I tried to post a review of the Immortal Ice, but something wrong with the web site. So here goes: 

I received my Immortal Ice Tuesday after Veteran’s Day, less than a week after placing the order on line. I now am the happy owner of 3 BD bikes purchased in the last 12 months: #1 Nemesis TT, #2 Le Champion Team, #3 Immortal Ice. The Nemesis hard to beat for under a 1K, I've written about the superb Le Champion, all Dura Bike for under $1600. Now the excellent Immortal Ice. 

On unpacking, I noticed greater care to shield the bike with foam and cardboard. It came out of the box easily and undamaged. The rear brake cable was improperly routed, but an easy fix. The rear derailleur cable was over, rather than under brake cable, but this was also an easy fix. The cassette is advertised as an 11-25, but it's a 12-25, no big deal. Shimano 105 offers an 11-25 which I think I would like, but it isn't offered in Ultegra or DA. I believe the 16 tooth cog is sacrificed. The handlebars are advertised as 26.0, but are actually OS, which are probably better anyway. The Ritchey stem and bars are very nice. 

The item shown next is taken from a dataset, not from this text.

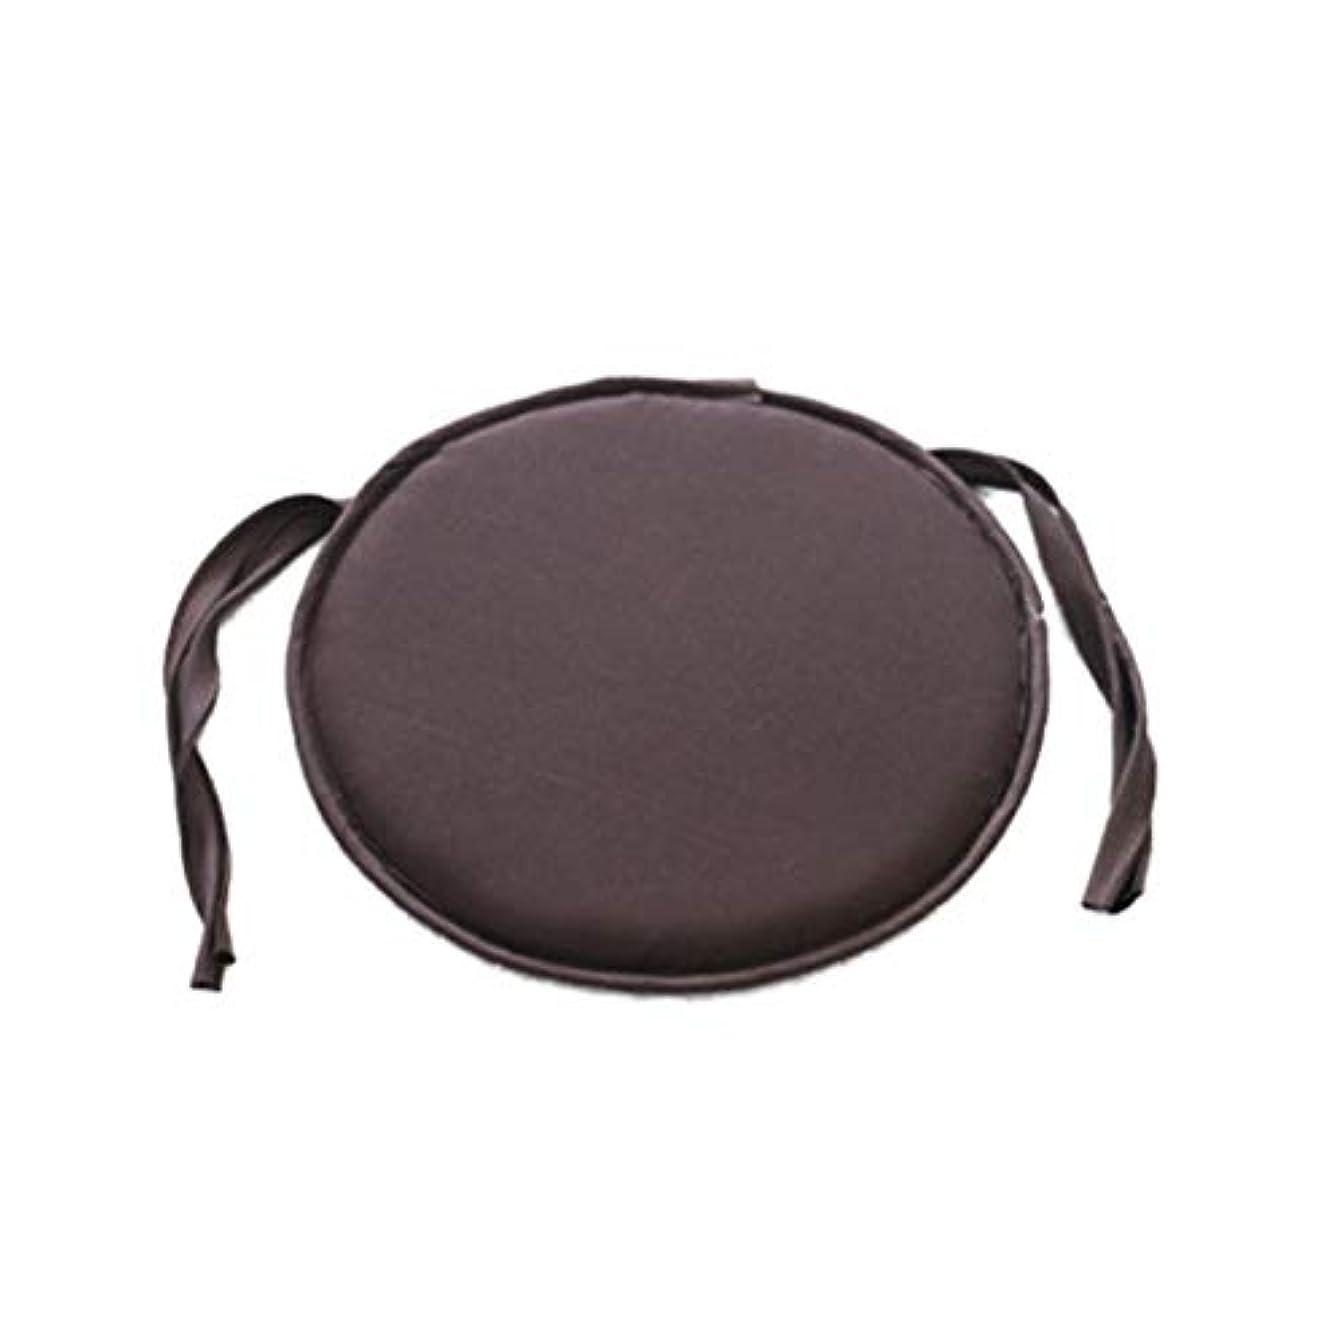 紛争ポスト印象派施設SMART ホット販売ラウンドチェアクッション屋内ポップパティオオフィスチェアシートパッドネクタイスクエアガーデンキッチンダイニングクッション クッション 椅子

OK, I've only had a couple rides so everything isn't dialed in as yet. Of concern is a "clank" every 4-5 miles that can be heard and felt through the crankset. I suspect it's coming from the rear hub. I had a similar problem with an American Classic 350 hub that was never resolved. I will definitely follow up on this. First thing to do is see if it goes away with a different wheel set. There is also an occasional "spokey" twang which I suspect is a wheel or skewer problem. 

In re the Ultegra hub noise, I called Shimano and was assured this was due to pawl engaging. It sometimes happens with a new wheel that has been idle for a period of time. It may go away or may be simply fixed with a shot of lube. The bike is fully dialed in now and is a definite keeper. Steve

The 56 cm bike weighed in at about 17.5# with Speedplay stainless pedals, so it's not a super light weight bike. Matter of fact it's almost identical to the weight of the 56cm Le Champion Team with Dura Ace package. With my American Classic carbon wheel set I can possibly bring the weight down to low 16's; good enough for me. 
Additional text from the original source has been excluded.